## TASK DIRECTIONS
Skip the pictures. Quote every line below, exactly, from the one with "Ripe oranges grow" through the final line.

## DATASET SECTION

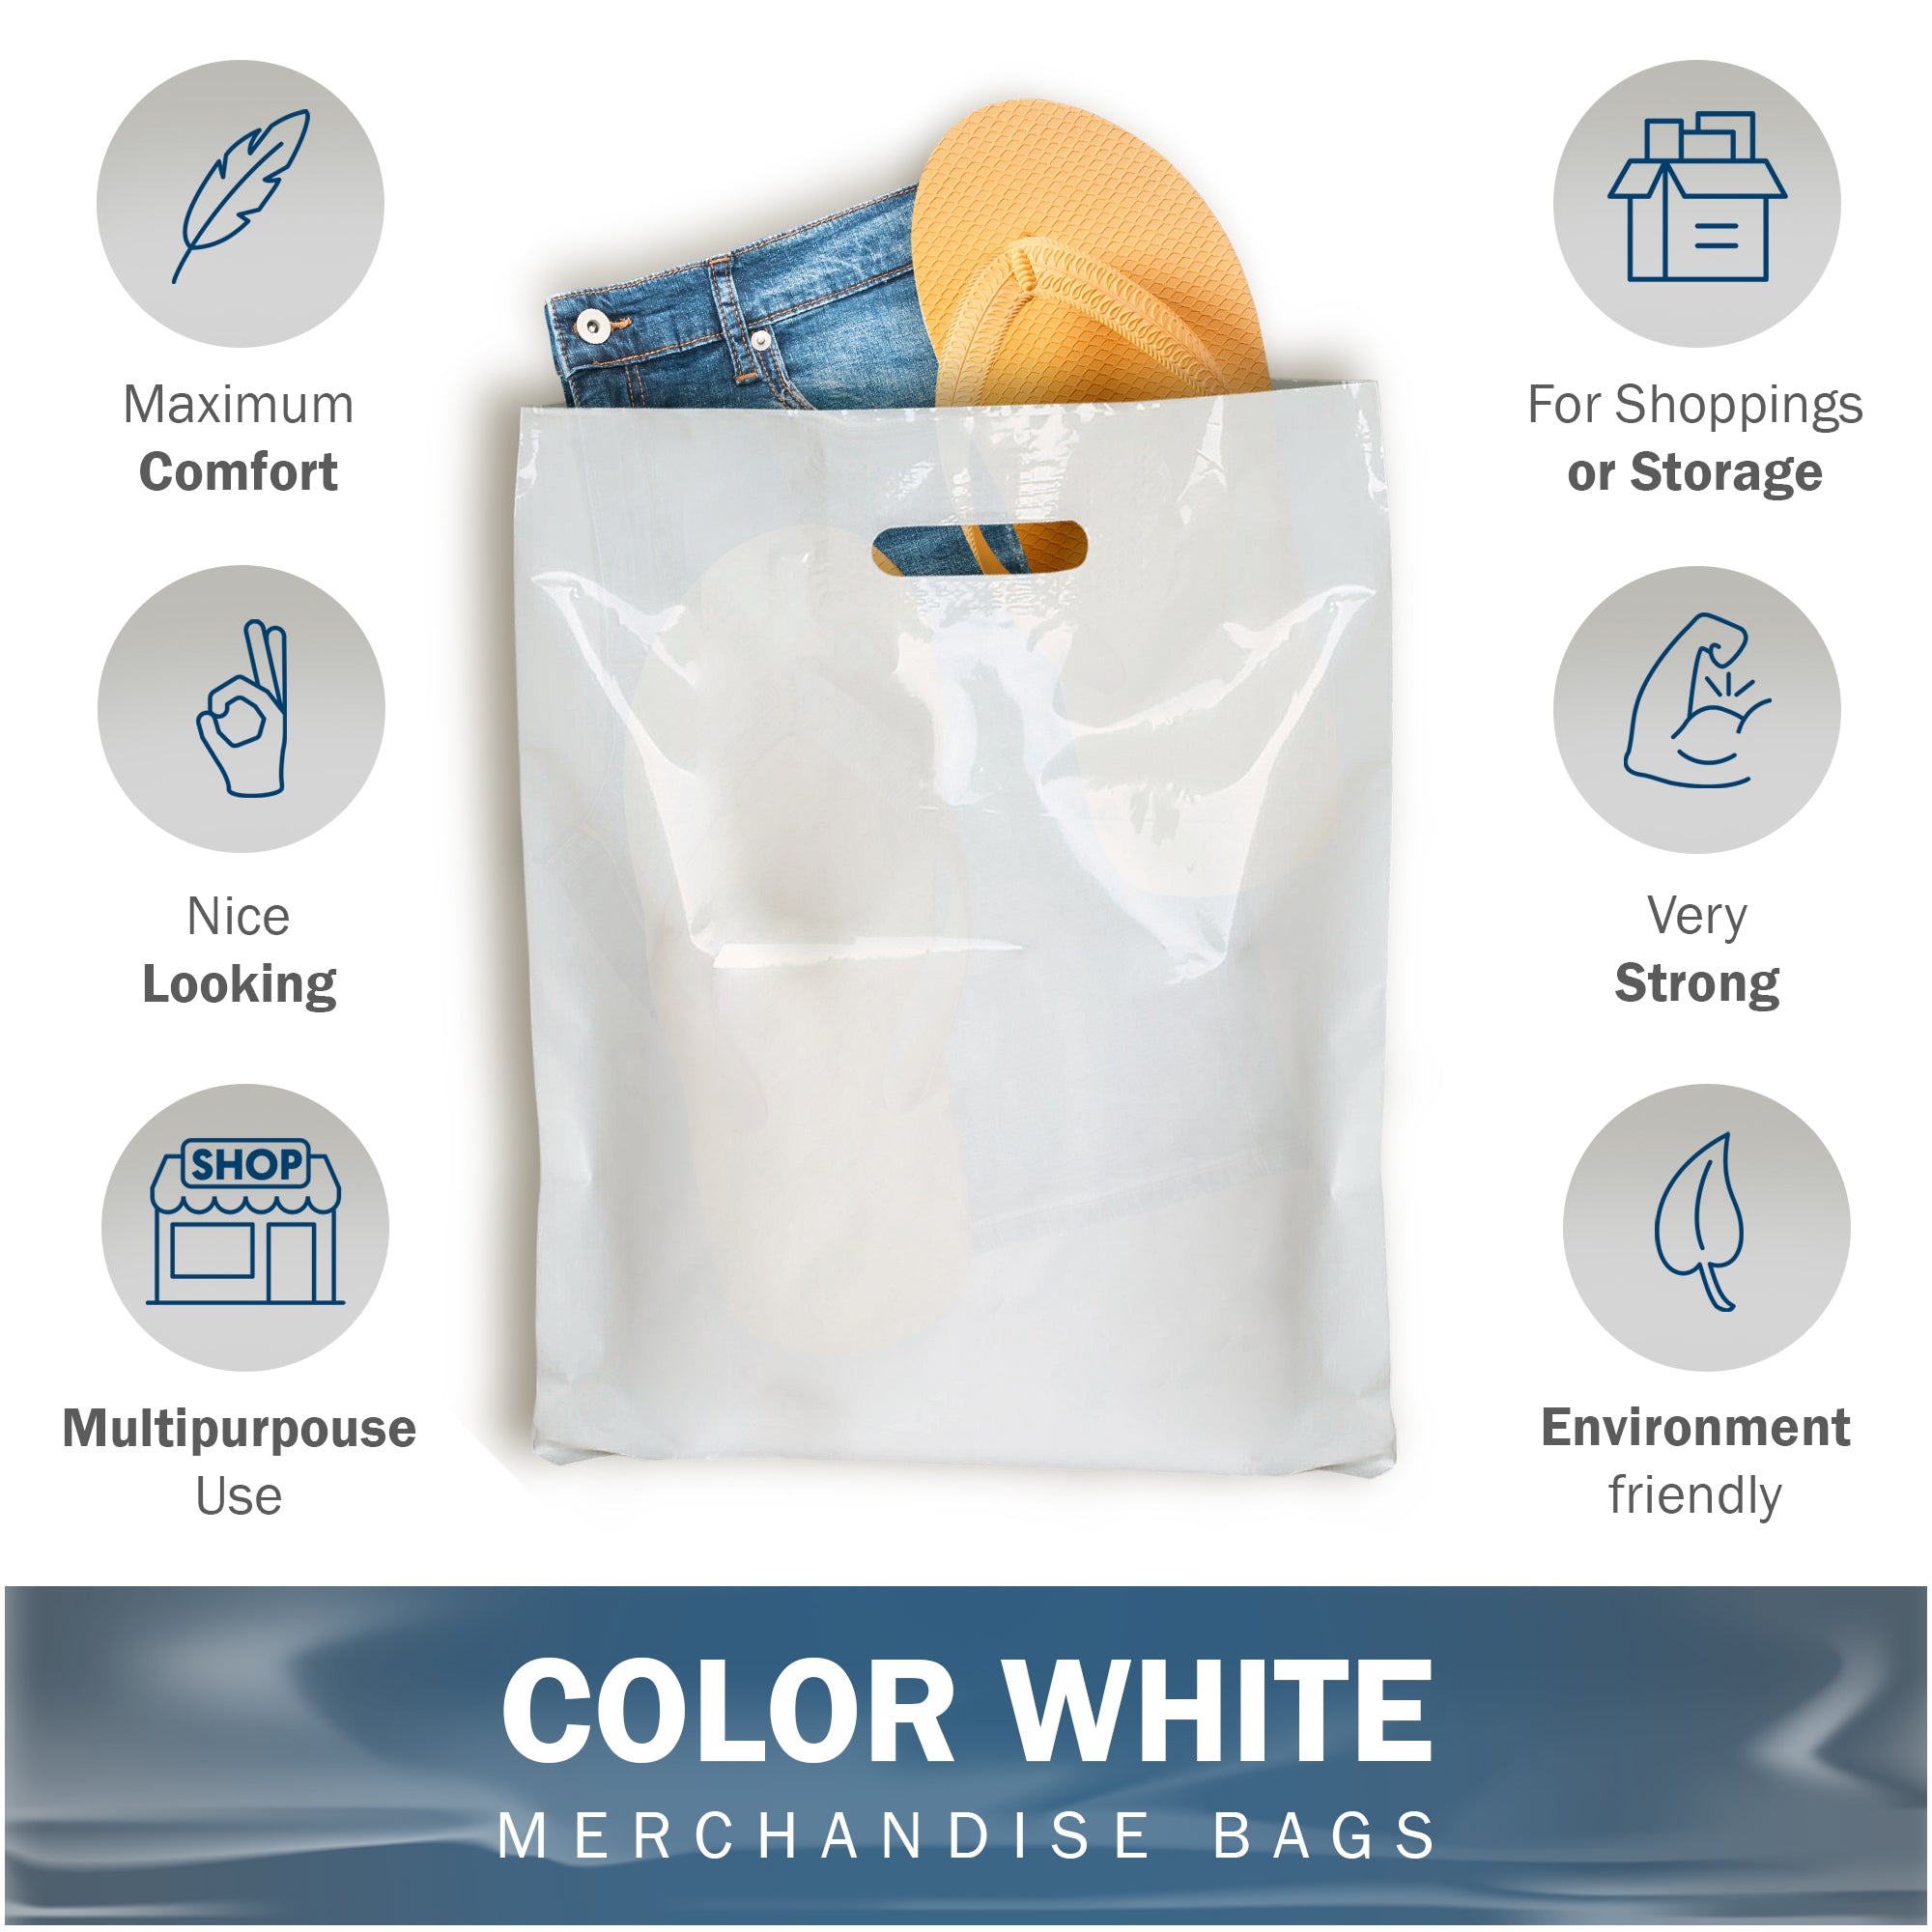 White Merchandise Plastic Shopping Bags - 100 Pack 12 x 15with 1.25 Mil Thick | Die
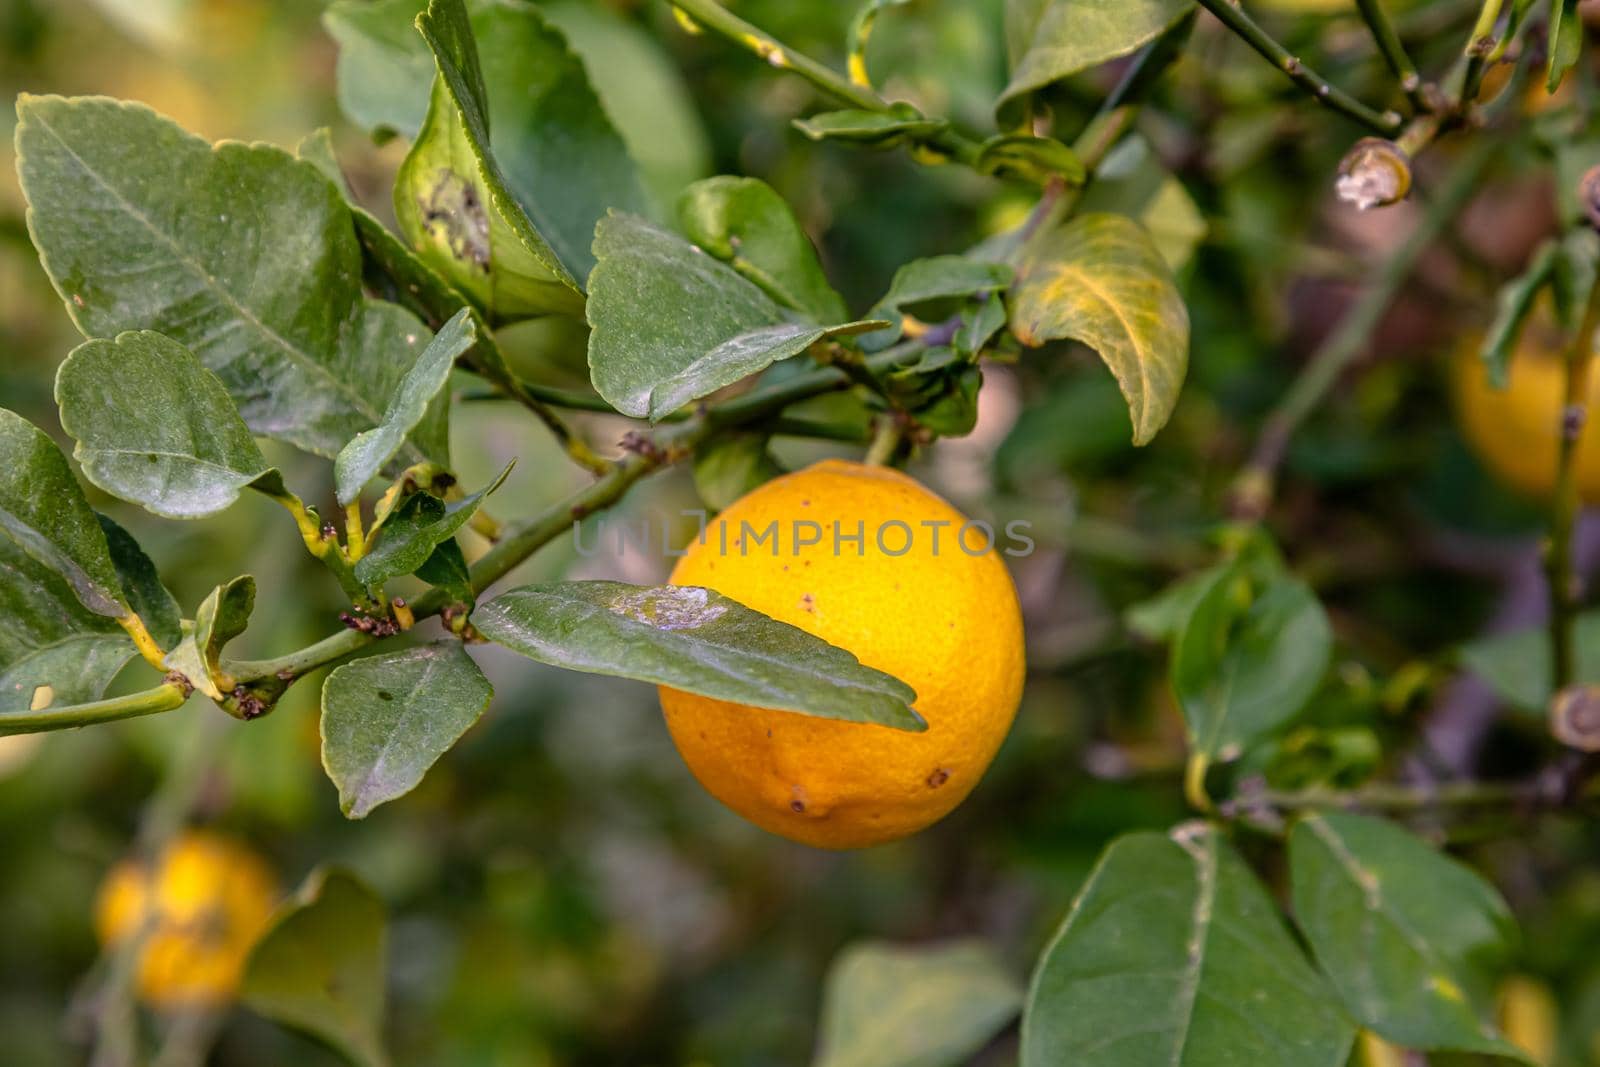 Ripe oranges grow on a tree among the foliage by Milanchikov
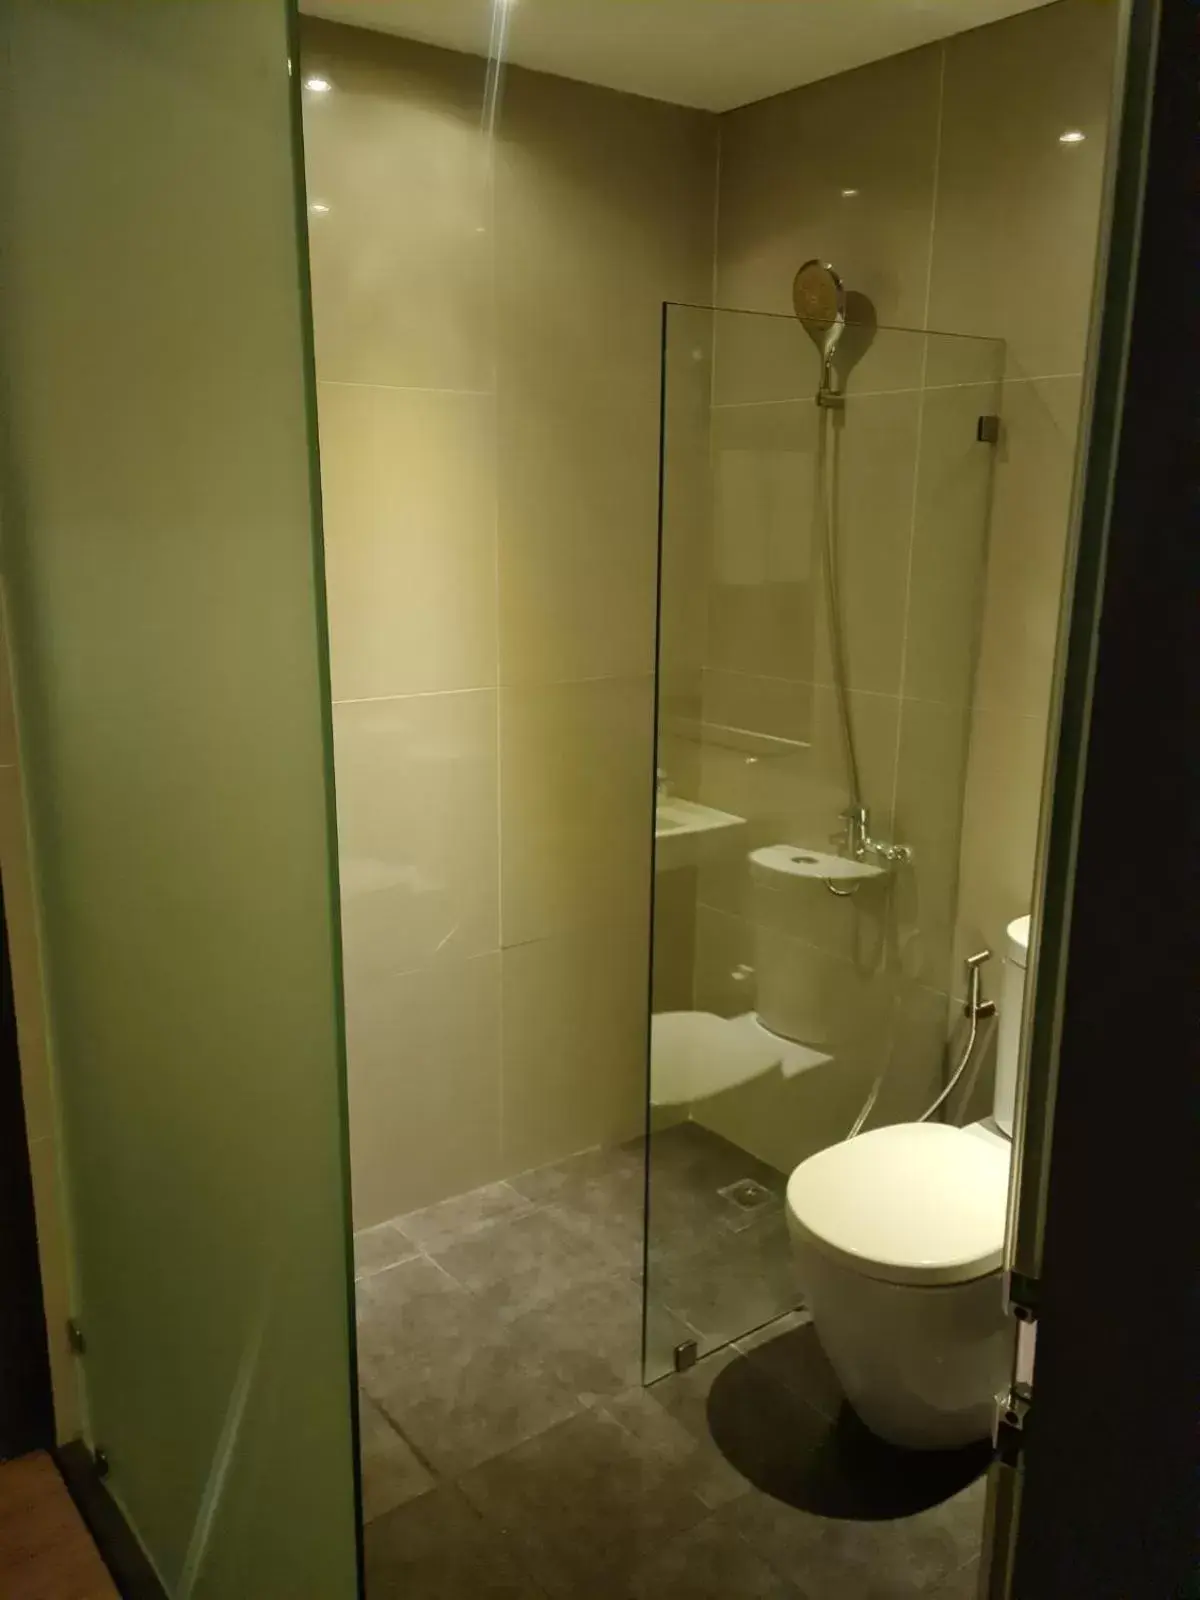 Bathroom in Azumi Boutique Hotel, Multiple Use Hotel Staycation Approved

## EXERCISE OUTPUT
 Ripe oranges grow on a tree among the foliage by Milanchikov
 Bathroom in Azumi Boutique Hotel, Multiple Use Hotel Staycation Approved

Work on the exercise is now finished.